医薬品デジタルマーケティングへの提言01|リアルからデジタルへシフト加速、スピード感と個別化がカギ

医薬品デジタルマーケティングへの提言01|リアルからデジタルへシフト加速、スピード感と個別化がカギ

新型コロナウイルス感染症(COVID-19)は、あらゆる産業に構造変化を迫っている。かねてから製薬産業では、MRなどの人的リソースの最適化、販売情報提供活動ガイドラインの運用、医師の働き方改革などの影響もあり、変革期を迎えていた。

そんな中、COVID-19の広がりは製薬企業のマーケティングやセールス活動にどのような影響を与えるのか、業界有識者へのインタビューを通じて提言する。第1回目は、コンテンツ開発やマーケティング・オートメーションを手掛けるメディクト代表取締役社長の下山直紀氏。「スピード感をもってデジタルチャネルやツールを活用・運用していくことが、企業の競争力を高める」と指摘する。

デジタルチャネルの活用で対応が分かれる

―― 製薬企業は、新型コロナウイルス感染症(COVID-19)への対応をどのように進めていますか?

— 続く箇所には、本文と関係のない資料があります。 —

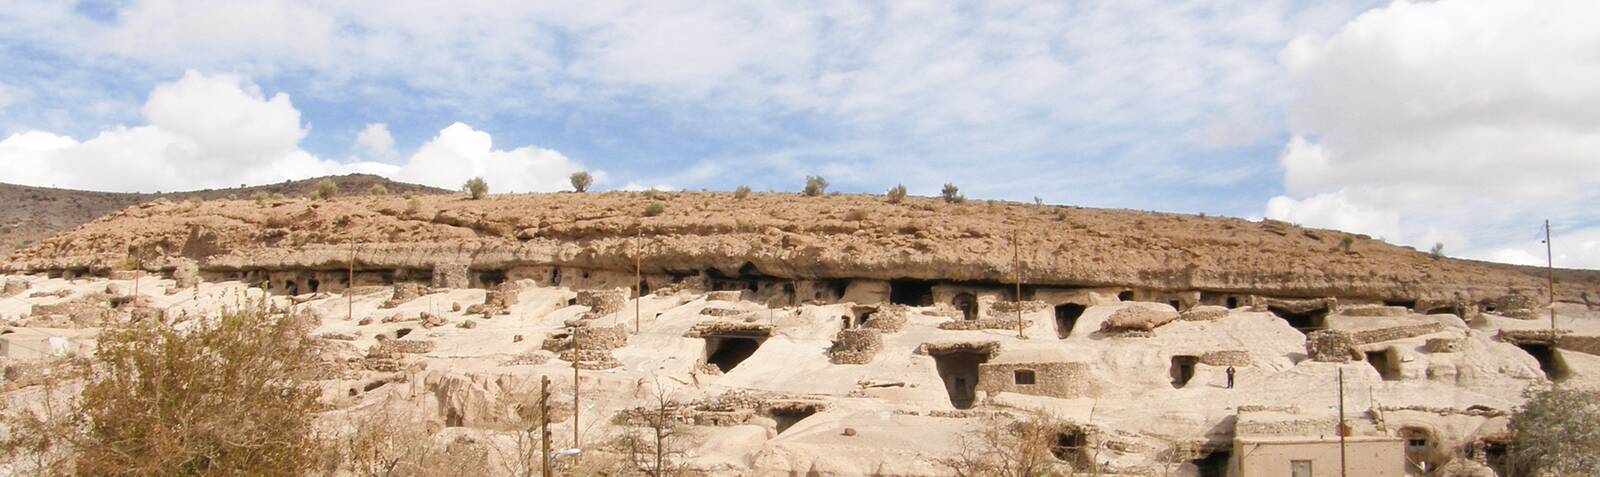 Pueblo histórico de Meymand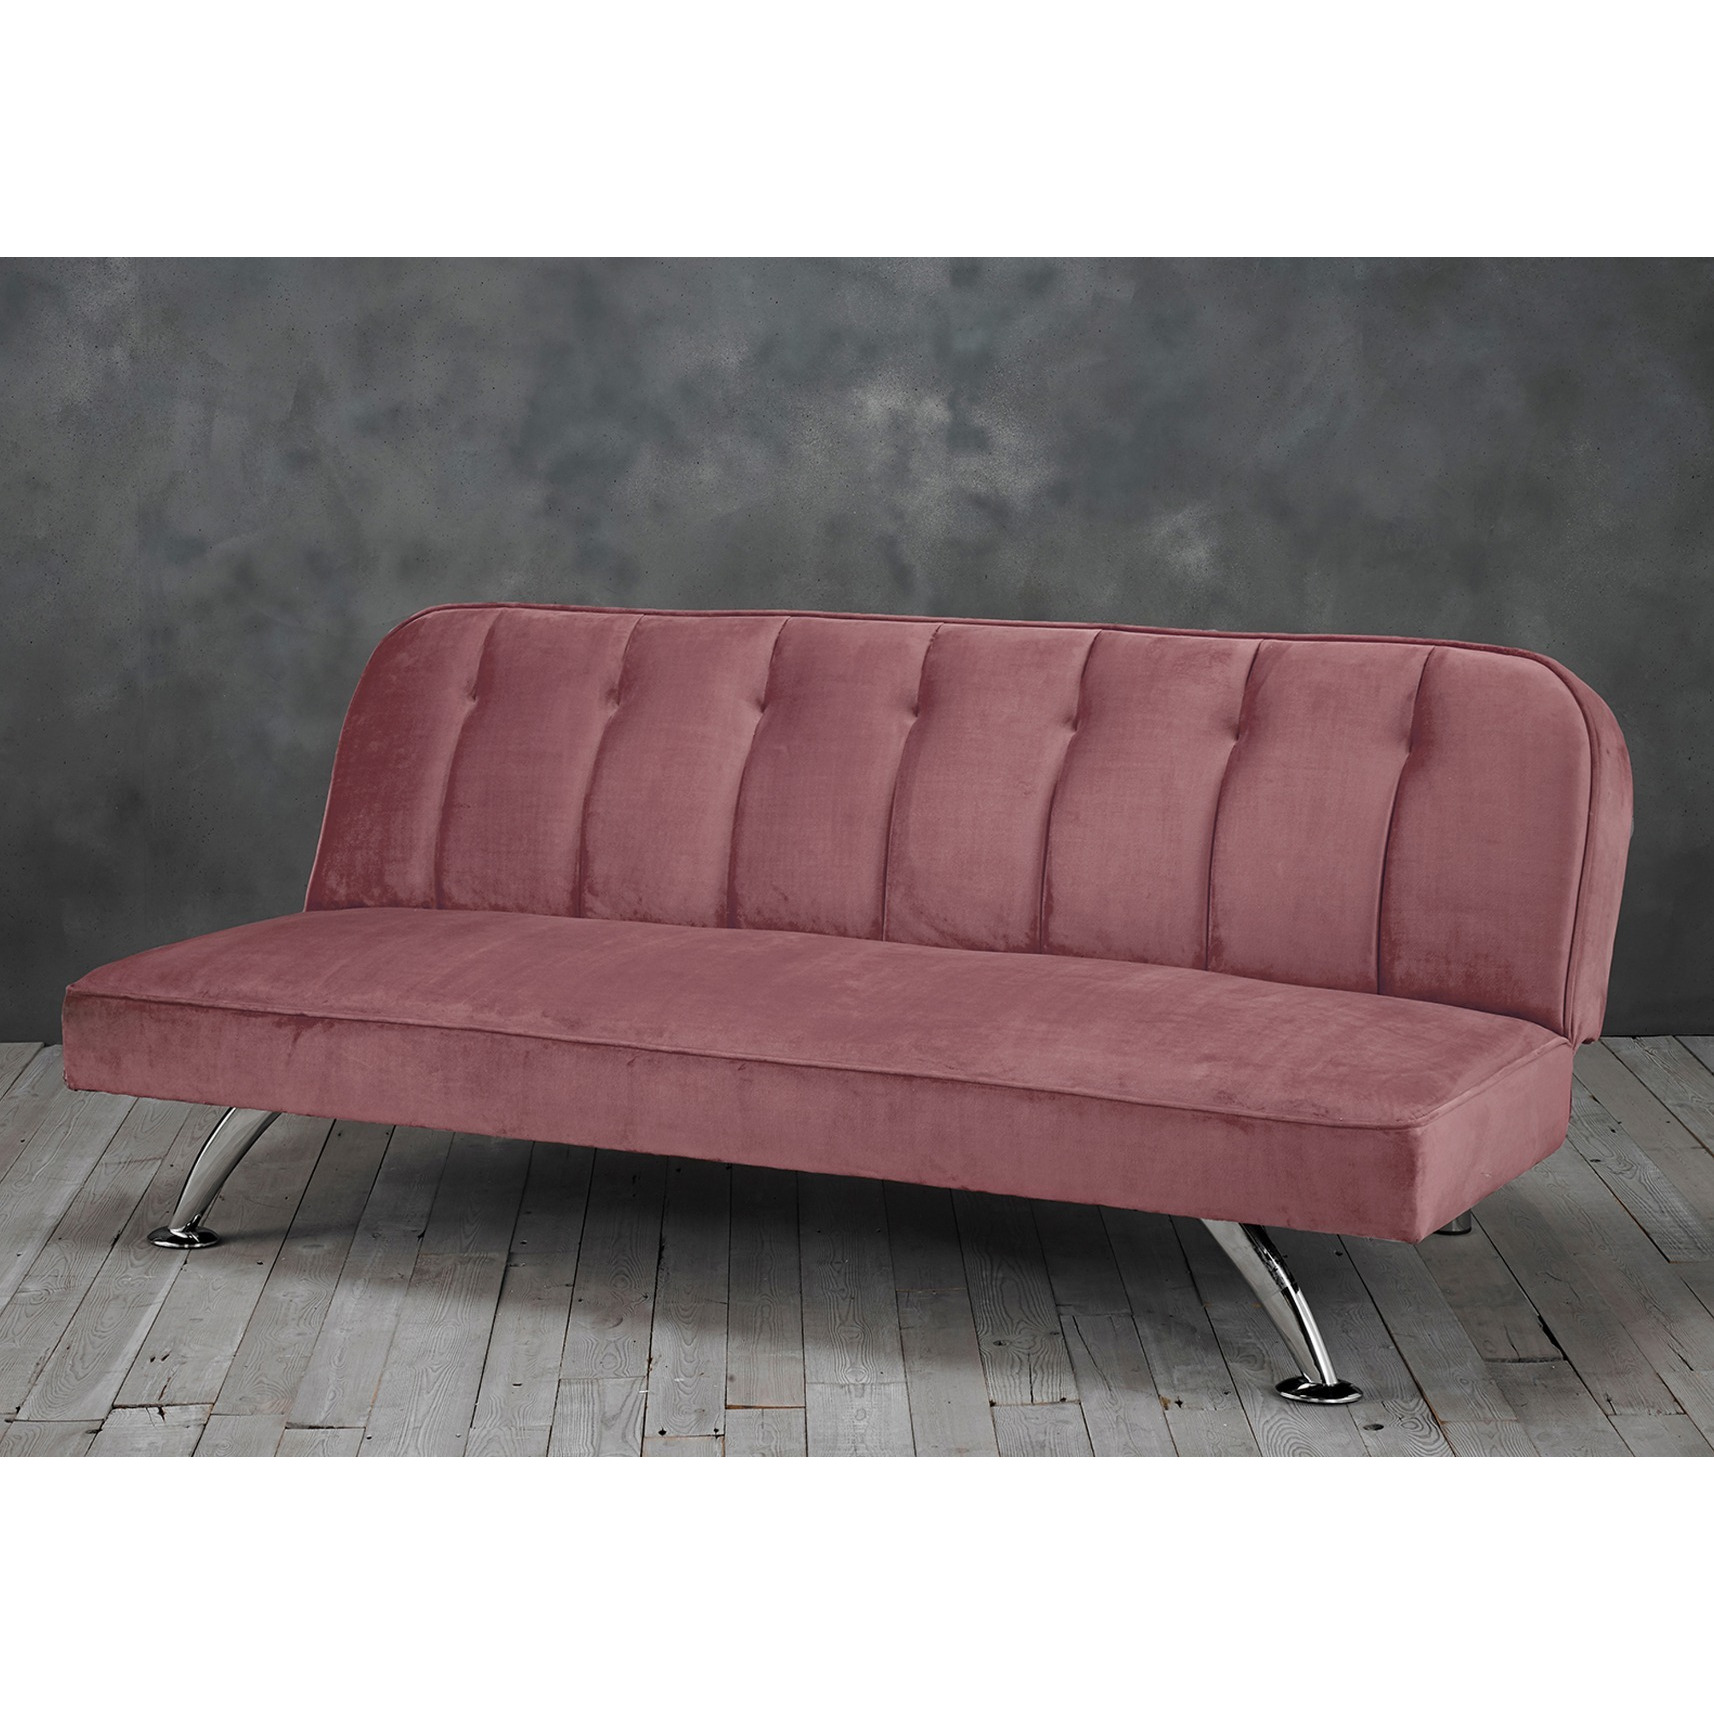 LPD Brighton Pink Fabric Sofa Bed - image 1

新型コロナウイルスの影響で医師への対面営業・訪問がさらに難しくなり、リモートで医師に情報提供する手段やツール活用の検討が進んでいる。動きが早かったのは大手製薬企業。会員制のオウンドメディアやメールマガジンやペイドメディアといったデジタルチャネルを活用し、マーケティングやセールス活動のデジタルシフトを一層強めている。

一方、デジタル化が遅れ、「医師に情報を届ける手段が、現場以外に乏しい」企業は、対応に苦慮している。本社主導で設備投資や施策を広く展開し、情報提供の個別化、さらにMRへの引継ぎとコミュニケーションフローの変化が求められる。スピード感をもって実行しないと、ますます先行組との差が開くことになる。

長期化を要する状況だからこそ、短期で実行できる手段を模索し、デジタルを活用するための設備の拡充や情報提供の仕組みづくりに着手すべきと考える。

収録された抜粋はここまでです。